Edit and update: Based on a question by @yonatan365, a new activation function was made, TRelu, and that is now the new winner of this initial runoff. Originally it was FTSwishPlus…details in the thread but wanted to clarify why early posts talk about FTSwishPlus as the winner…details in the thread!).
There were two new papers on activation functions on Arxiv recently, and I thought it would be interesting to put them to the test along with GeneralRelu and of course ReLU.
In brief, the two new activation functions:
1 - Flattened threshold swish: A swish-like activation with near equivalent value for positive values (x*sigmoid(x) + threshold), and a fixed (flat) threshold for negative values. (x = threshold). Their recommended default for this threshold is -.2.
Paper: https://arxiv.org/abs/1812.06247
2 - Linear Scaled Hyperbolic Tangent - LiSHT - provides a parabola shape activation where negative values are scaled as their absolute value, and thus become positive. Code is simple: x = x *torch.tanh(x)

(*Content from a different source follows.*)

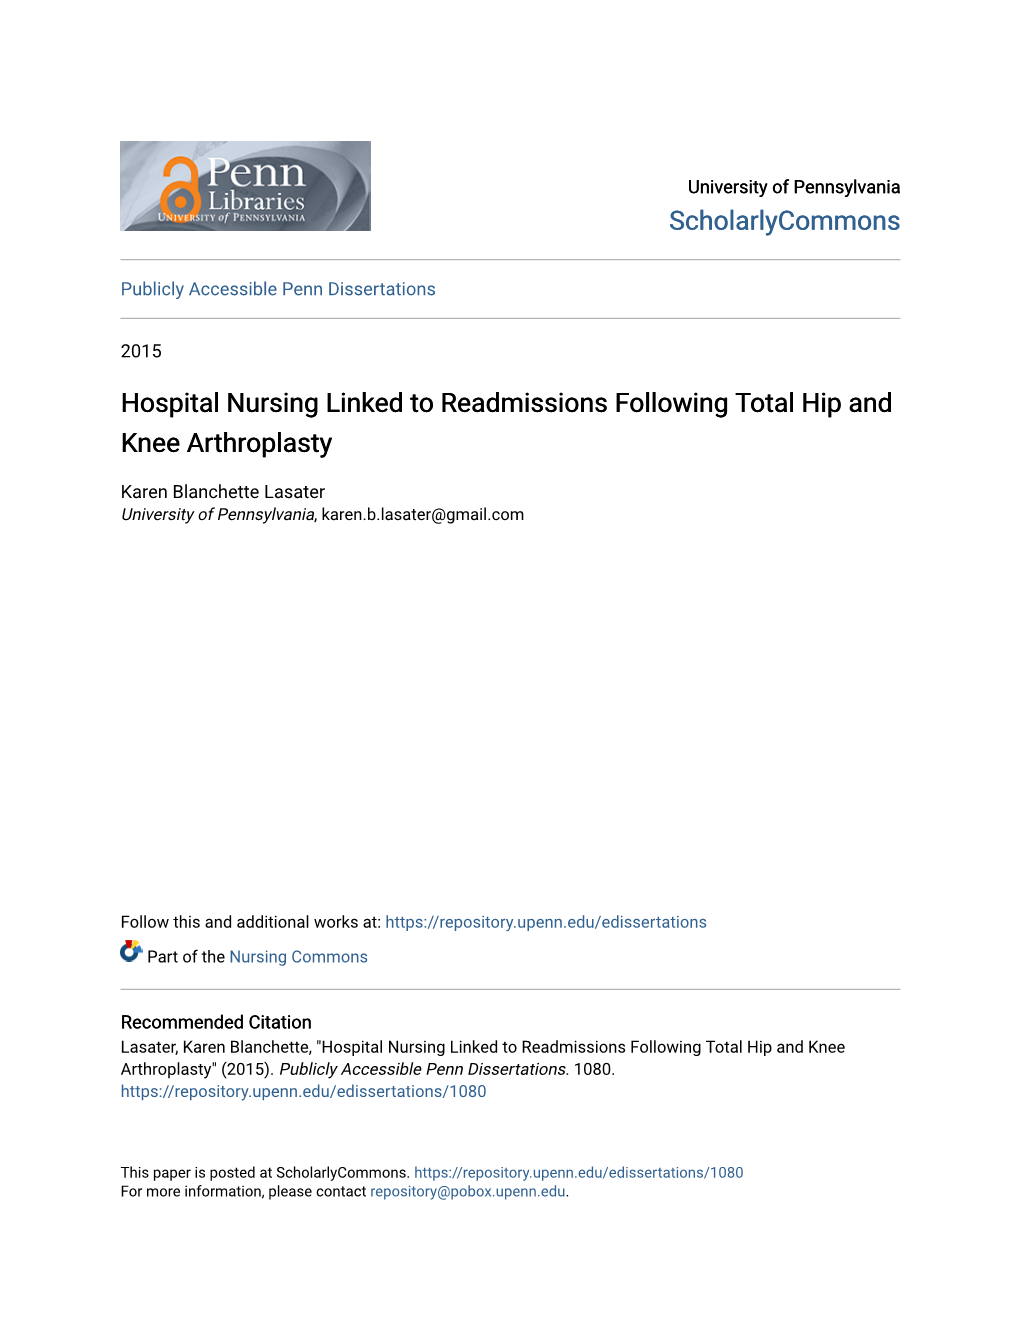 Hospital Nursing Linked to Readmissions Following Total Hip and Knee Arthroplasty

Paper: https://arxiv.org/abs/1901.05894#
3 - General ReLU - you already know this one, but Relu + mean shift + leak + clamping.
4 - ReLU - used as the ‘baseline’ for comparison.
Results: After testing all four on ImageNette, (XResNet18, cyclical learning with lr=1e-2) for up to 40 epochs each, General Relu was the winner. However, I then decided to add mean shift + clamping to both LiSHT and FTSWish to make LiSHT+ and FTSwish+.
Clamping stabilized the training path (i.e. epoch accuracy gains were steadier) but ultimately ended up short in terms of final accuracy.
However - the mean shift on FTSwish+ turned out to be a very big improvement.
The mean shift was surprisingly, - .1.
After that, FTSwish+ took top place with - .2 threshold.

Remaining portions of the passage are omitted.